Lake Cooper Estate, owned by Gerry and Geraldine McHarg, sits on the northern end of the Mount Camel range, overlooking Lake Cooper. The local aboriginal name for Lake Cooper is Paboinboolok which means ‘shallow sheet of water.’
Gerry McHarg was born in Tooborac. He attended Tooborac and Heathcote schools before going on to the Marist Brothers in Bendigo. After finishing school at fifteen to start a five year carpenter’s apprenticeship, he boarded with a Bendigo landlady who had a daughter called Geraldine. “I had nothing to do with the boarders, it was only after he left that we started going out together,” says Geraldine. “He turned out to be a ‘real’ romantic. After he left the boarding house he wrote me a love letter on toilet paper!” Gerry married the landlady’s daughter when he was twenty two.
Geraldine did a teaching course in Melbourne and taught kindergarten at Heathcote as well as playing netball for Tooborac. Gerry built a house in Heathcote for his new bride and the first of their three daughters was born there. Gerry worked as a builder in Heathcote for several years until a good building position became available in Williamstown.

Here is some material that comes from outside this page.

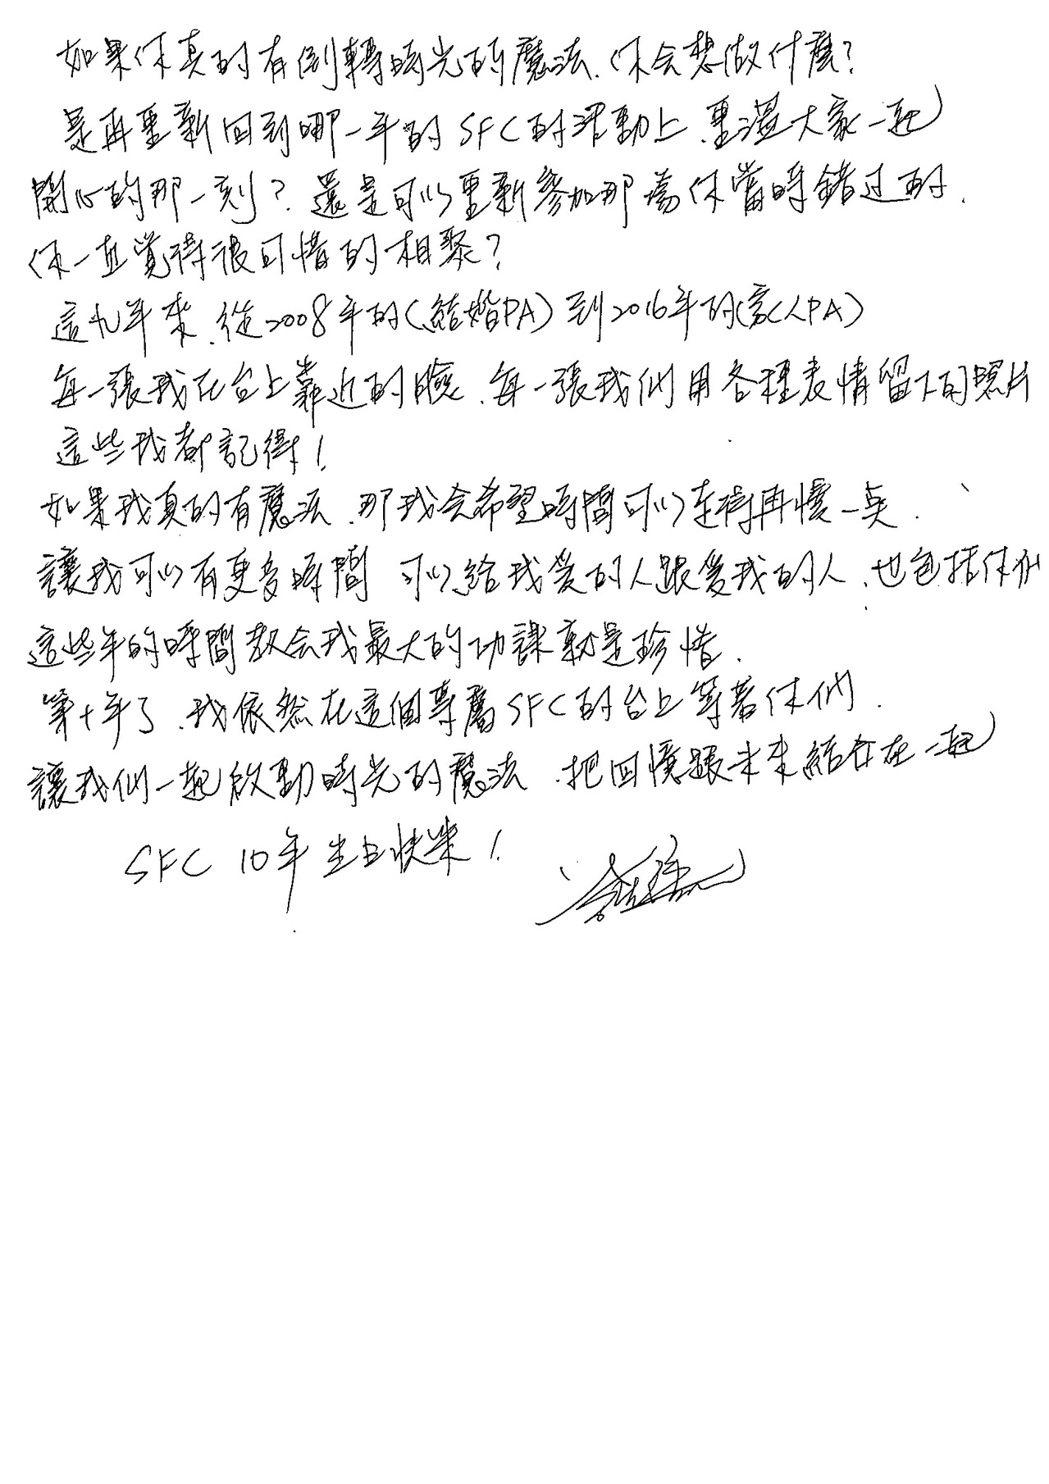 S.F.C成立10周年羅志祥扮魔法師,寫手稿邀粉絲啟動時光魔法。圖/天地合提供

“I thought that we’d move to Melbourne for a few years, make a few quid, and then return to Heathcote,” says Gerry, “but we are still living in Williamstown where I established my own building business.” When they moved to Melbourne, Geraldine went back to university and completed a Diploma in Librarianship, spending fourteen years as a school librarian.
“About fifteen years after Gerry set up his company,” says Geraldine, “he was around forty, mid-life crisis time, he decided that he needed a change. You can take the boy out of the bush, but you can’t take the bush out of the boy. Gerry wanted to find a rural property and grow something as he didn’t want to work with livestock. A friend suggested grapes as he had a contact in Southcorp. They offered us a seven year contract for grapes, provided that we selected Heathcote or Dookie as the location.

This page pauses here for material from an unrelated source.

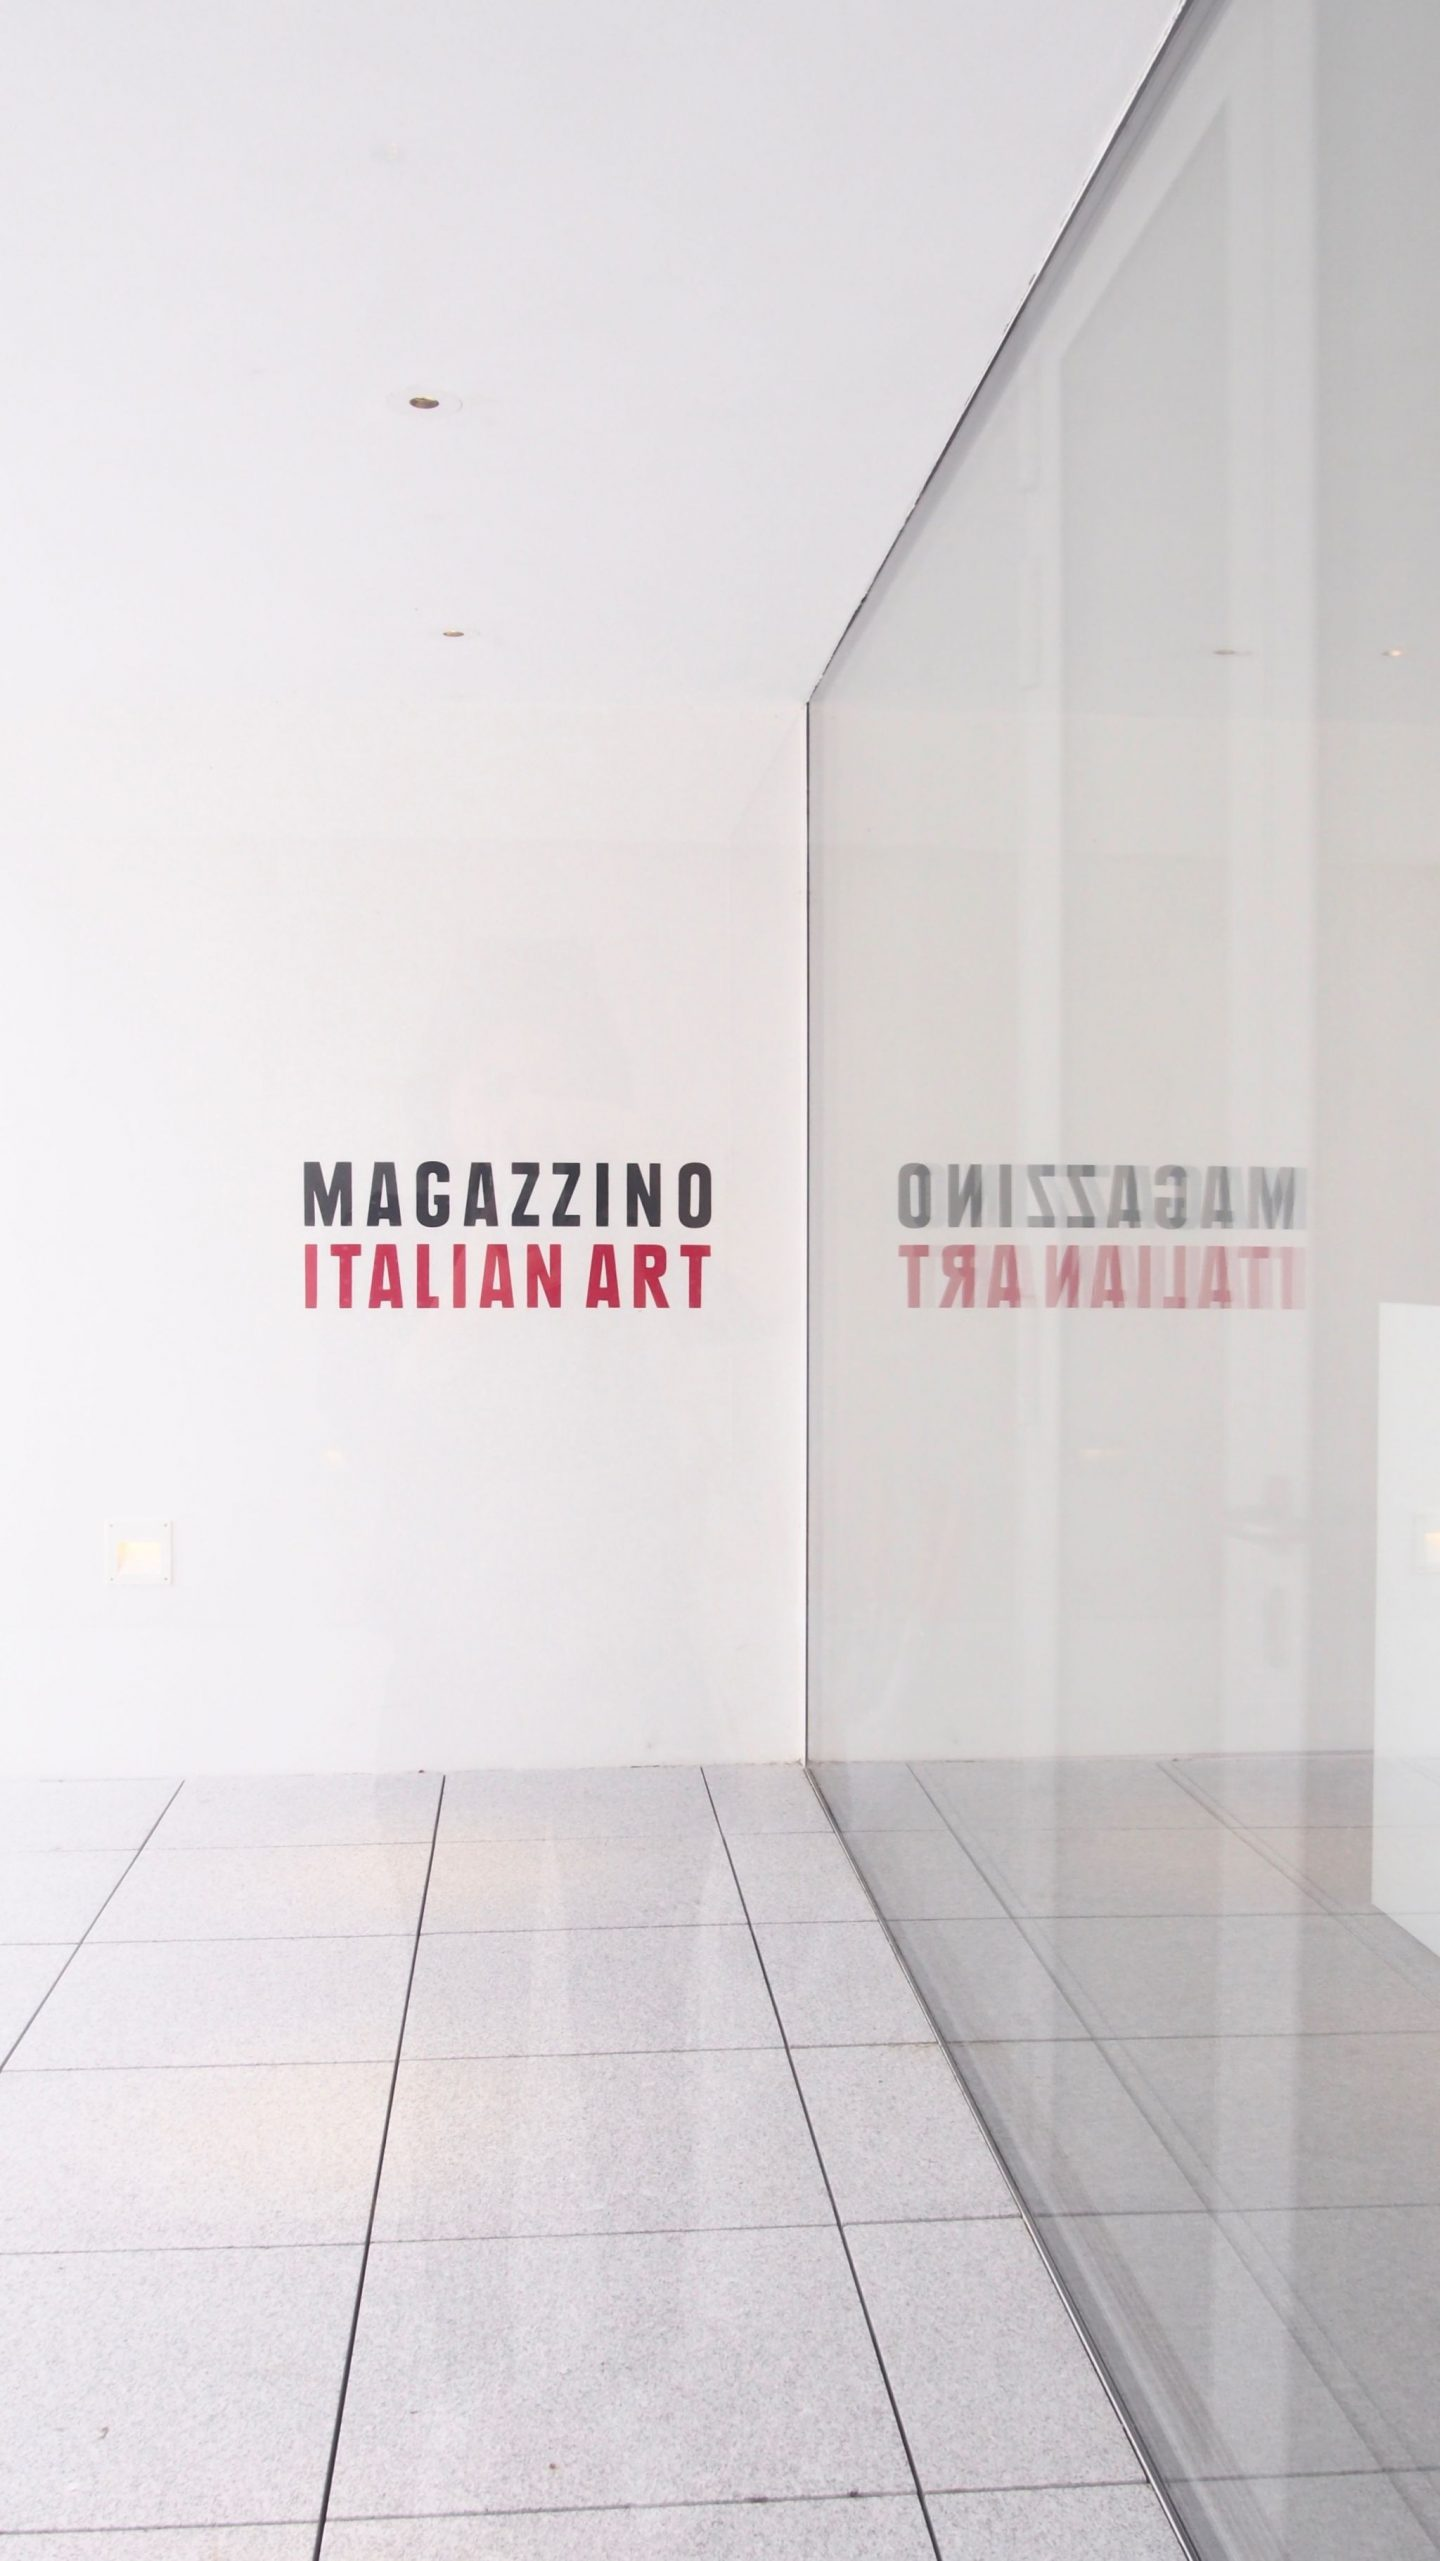 magazzino italian art

“Given our Heathcote connections we decided that was best for us, being close to our extended families who were still in Bendigo and Heathcote. Our original intention was to buy a little block but we ended up with more than we were looking for. We both went off to TAFE and did courses on establishing a cool climate vineyard. Up until then, our knowledge of wine was visiting the Barossa and Margaret River wine regions and enjoying several Rutherglen Walkabouts. Gerry’s dad was a teetotaller, so there was no family background in wine.
“Ian Rathgen from Whistling Eagle was the first to plant grapes up this end of the region, and we were the second. We purchased what had been a wheat-cropping farm in 1997. We planted in 1998 after we set up the irrigation infrastructure, which included a two kilometre private pipeline and a five megalitre holding dam. We were also involved in the defining and establishment of the Heathcote Wine Region.
“Most of the work was done by family and friends and we also used some local labour. We did a lot of ‘emu-bobbing,’ clearing rocks from the vineyard. Being in the building industry was a benefit as Gerry had good friends who helped out. We worked in Melbourne throughout the development, and would come up on Thursdays after work.
“Four months after we started work on the property there was a knock at the door and Don Risstrom introduced himself and said, ‘Have you got a job for me?’ Don has managed their property ever since. He had completed an agriculture course at Dookie in 1971 and has now completed a Diploma in Wine Technology and Viticulture at Dookie, a course he found helpful. “It complemented my practical work here and gave me a better understanding of why we were doing what we were doing,” says Don. “I learned the terminology and gained a better understanding of winemaking equipment. Several of the graduates from my 1971 agricultural course are now in viticulture.
“The best thing about the study was that I’ve built up a network of colleagues and we continue to learn from each other. It’s useful when winemakers and viticulturalists interact. It gives the vineyard manager a better understanding of what the winemaker wants.
“Our first harvest was too small for Southcorp to take,” says Gerry, “but we’d heard about a winemaker, Peter Kelliher, and his Ada River label. He produces ranges of wines from Gippsland, Yarra Valley and Heathcote. Peter made our first wine in 1999 from our hand picked harvest. Our neighbour Ian Rathgen harvested our next few crops and then he gave me the best advice we’ve had. He encouraged us to buy our own harvester so that we could pick our crop at the perfect time.”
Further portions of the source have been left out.